# Viewing images from a remote console without X



## dcole (Sep 12, 2014)

Hello,

I have a remote FreeBSD box that I cannot install X on. Is it possible to view image files that are stored on that box in a similar way as I would do X forwarding (ssh -X ) to view the images? I am ssh'd into the box using an Ubuntu system. I saw that there are console image viewers that don't need X, but I can't figure out how  to make this work.

Thanks


----------



## wblock@ (Sep 13, 2014)

How often does this come up?  If it is rare, use scp() to copy the image to the local system and display it there.


----------



## dcole (Sep 13, 2014)

Well I am actually talking about getting the graph images pfstat generated. It may be easier to copy the db down and generate the images but I thought there may be an easy way to spot check them.


----------



## wblock@ (Sep 13, 2014)

Or generate the images there and serve them over HTTP.


----------



## bsdkeith (Sep 13, 2014)

There is/was an app called fbi on Linux, but I don't know if it is usable on FreeBSD.
Edit: Also feh.


----------



## SirDice (Sep 15, 2014)

I'm not sure how well it works but there's sysutils/fusefs-sshfs. This would present you with a virtual filesystem connected to the machine using SSH. Most desktop applications should be able to use it.

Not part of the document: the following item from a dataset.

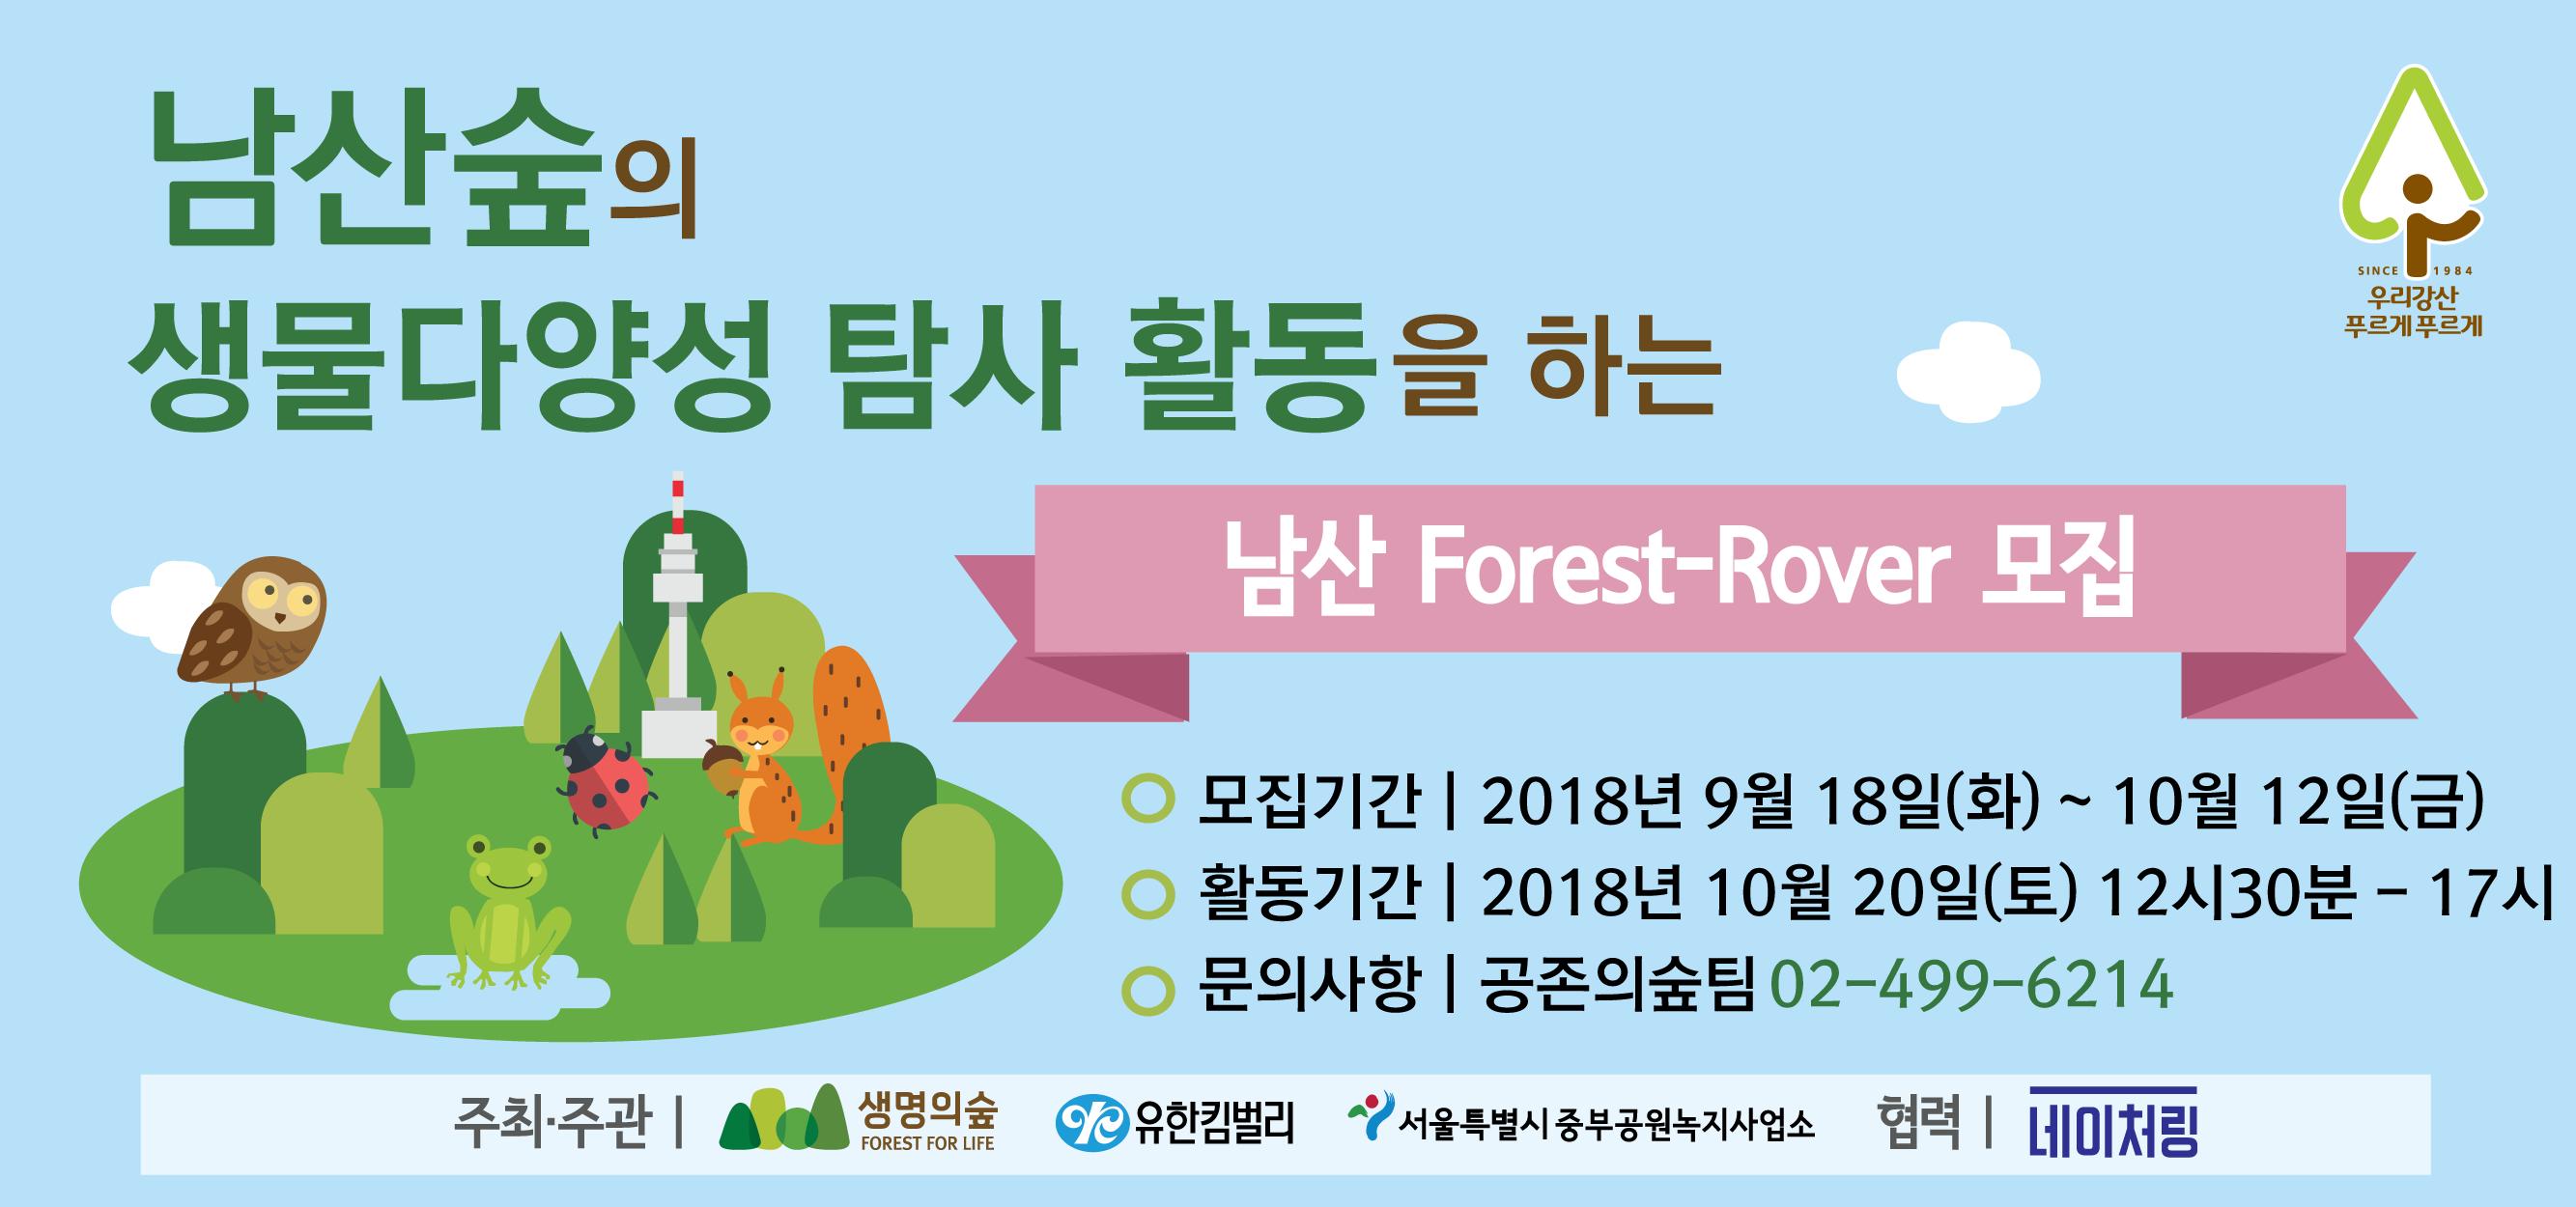 %ec%83%9d%eb%aa%85%ec%9d%98 %ec%88%b2 %eb%82%a8%ec%82%b0 forest rover mobile banner v3 1537249707

A lot trickier to do is to tunnel NFS over SSH. But that's going to get messy fast as NFS uses quite a few ports and a lot of them are dynamic. Not entirely impossible but it does require quite a bit of fiddling to get it to work reliably.


----------



## dcole (Sep 15, 2014)

Thank you for the ideas. I think I have a workable solution using fusefs which I like because we already had SFTP allowed.


----------